Extracted entries -

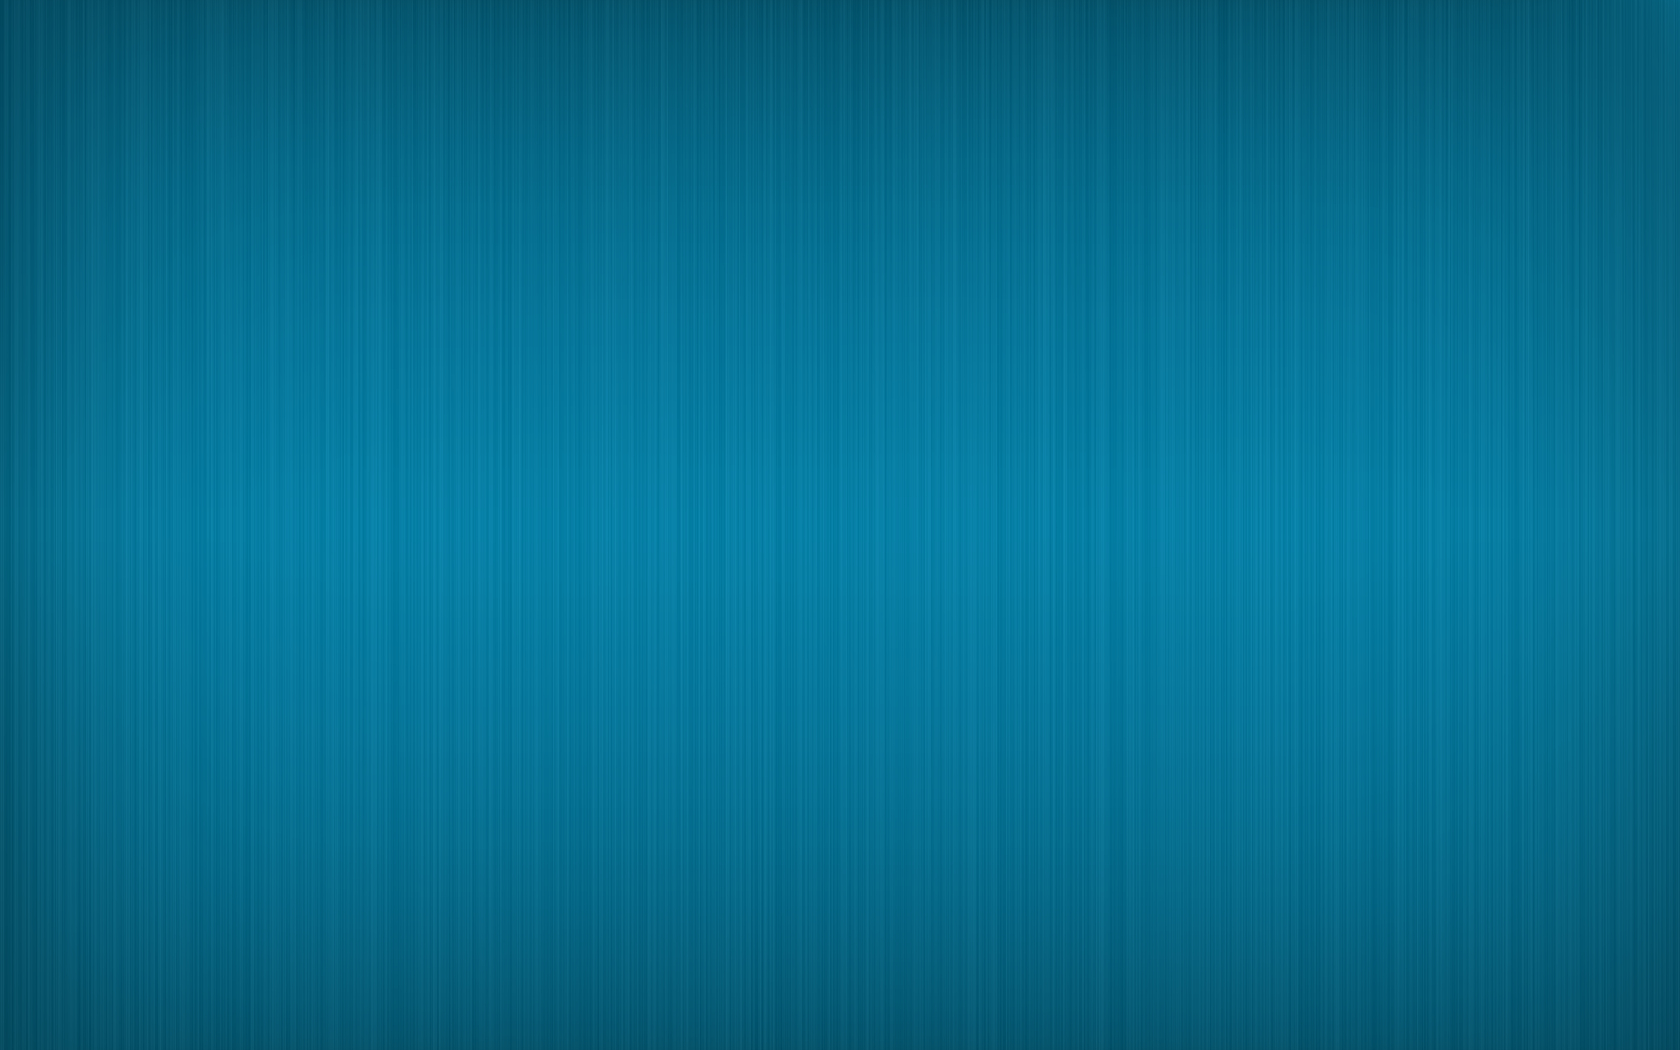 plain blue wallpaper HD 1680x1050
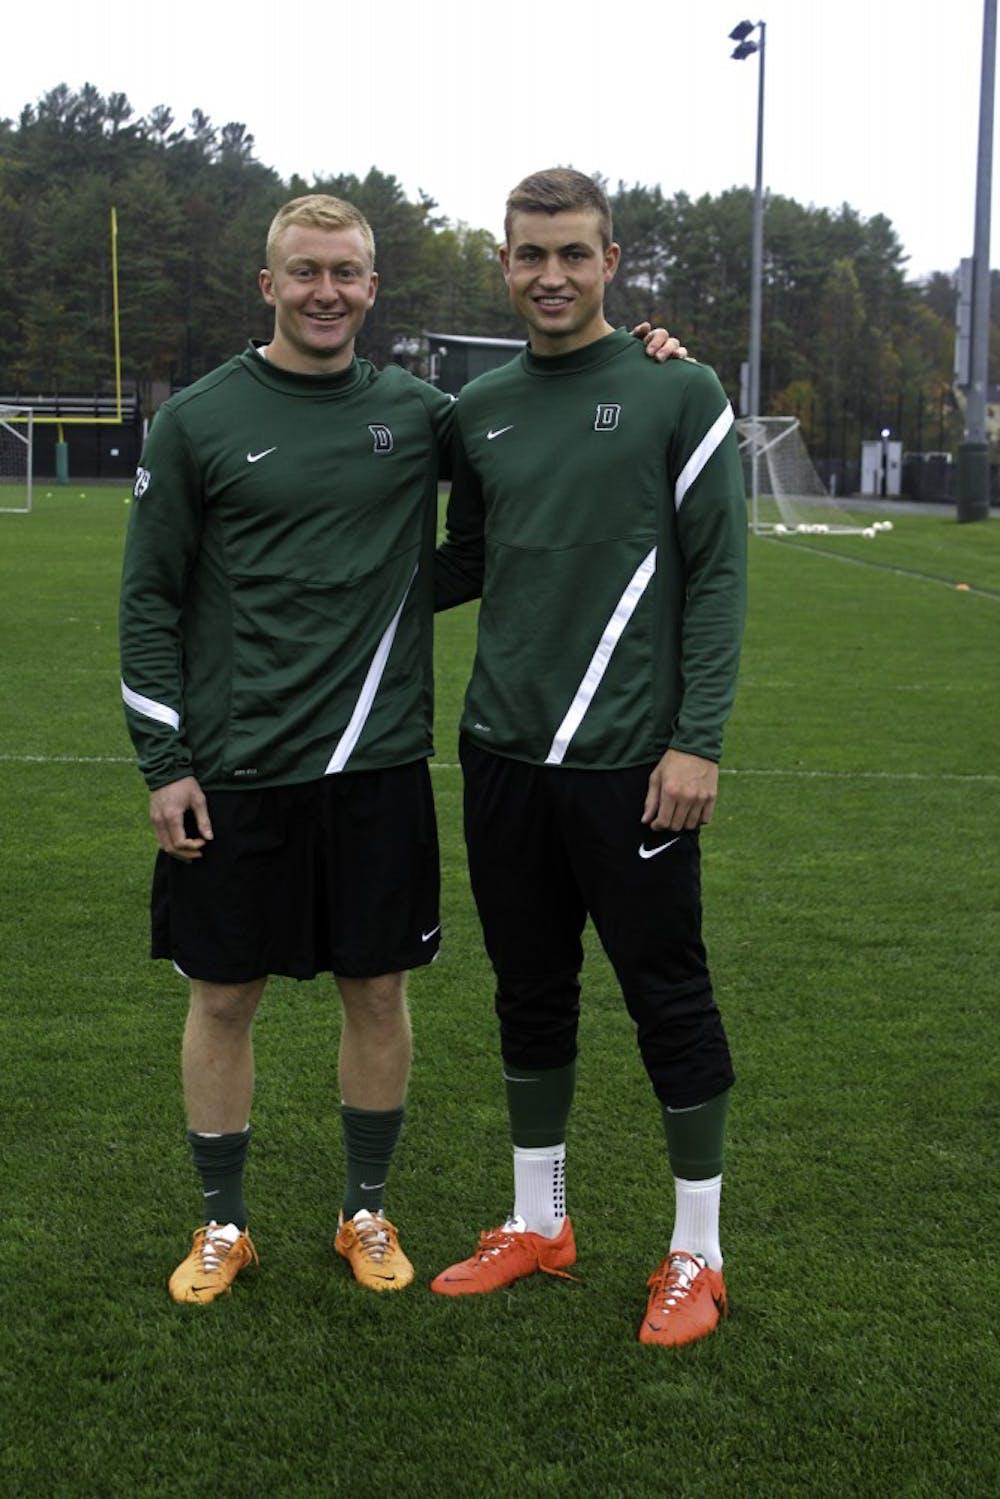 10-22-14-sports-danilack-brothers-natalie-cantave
...
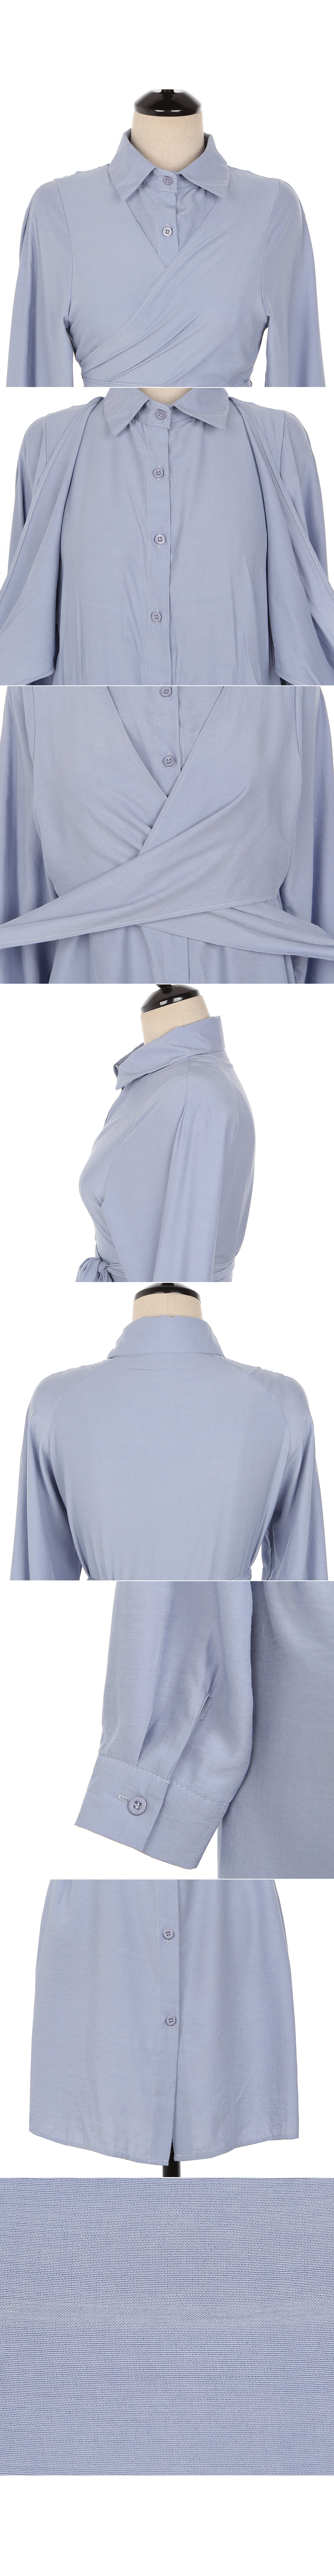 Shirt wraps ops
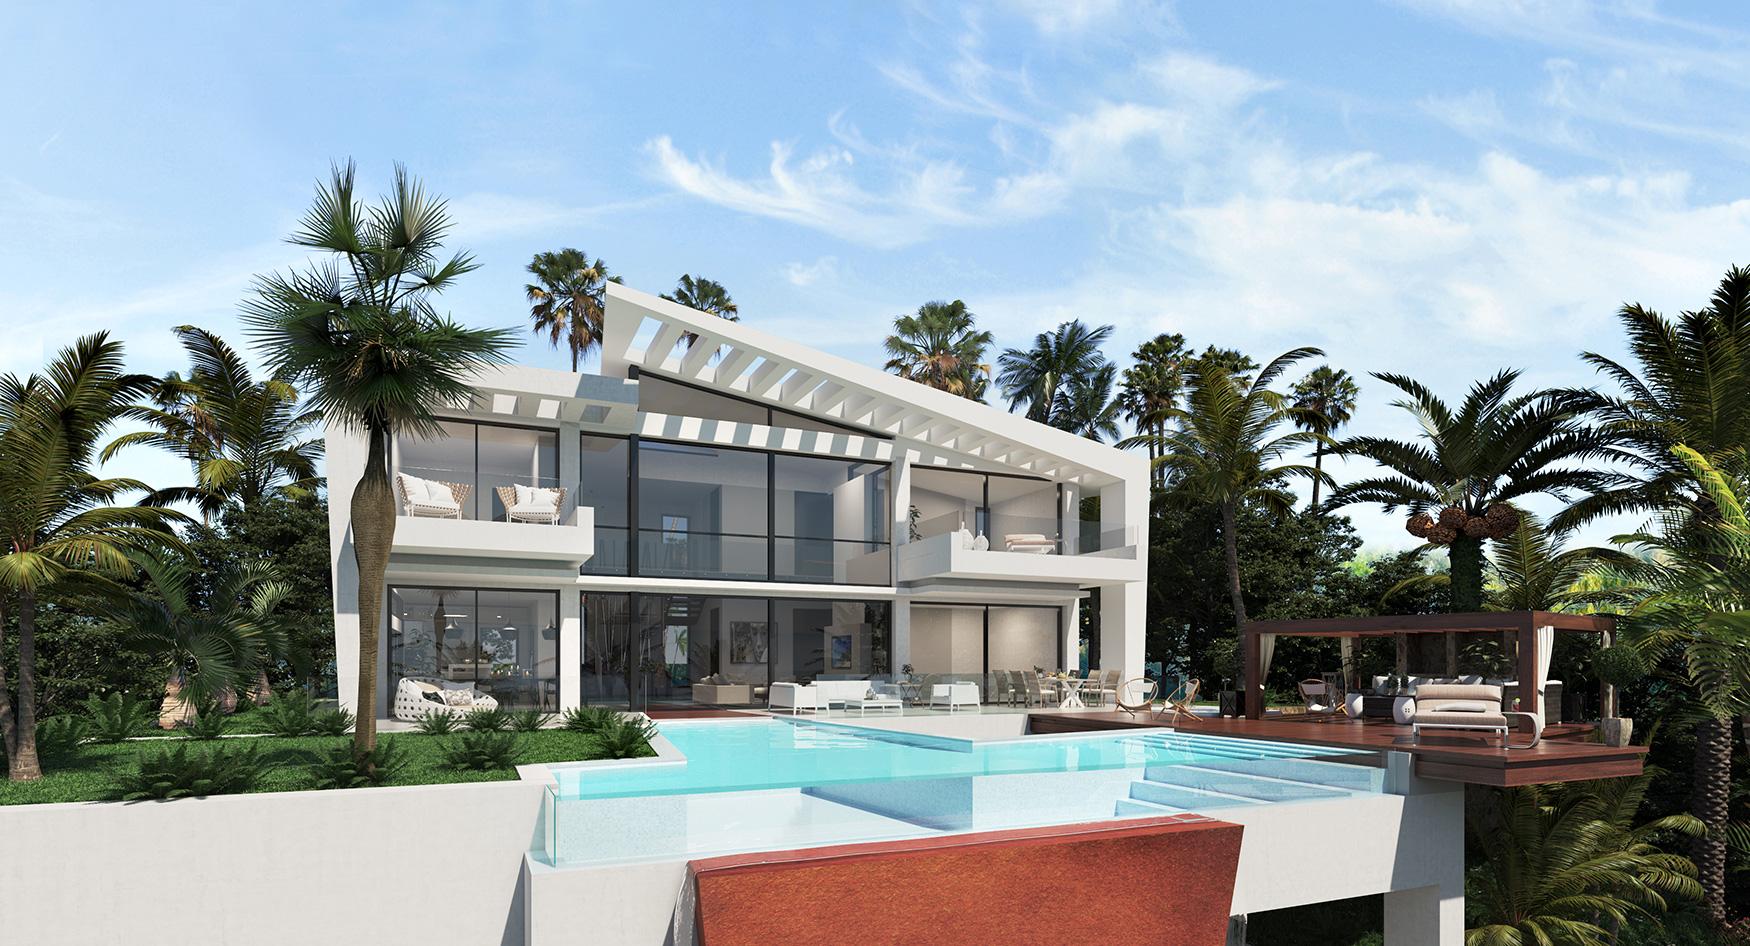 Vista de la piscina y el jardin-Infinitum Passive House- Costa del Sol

What you should do - Go to the line above that has "plain blue wallpaper HD 1680x1050" and copy exactly from there down to the line that has "10-22-14-sports-danilack-brothers-natalie-cantave", both included. Leave the pictures out.

Worked solution -
 plain blue wallpaper HD 1680x1050
 10-22-14-sports-danilack-brothers-natalie-cantave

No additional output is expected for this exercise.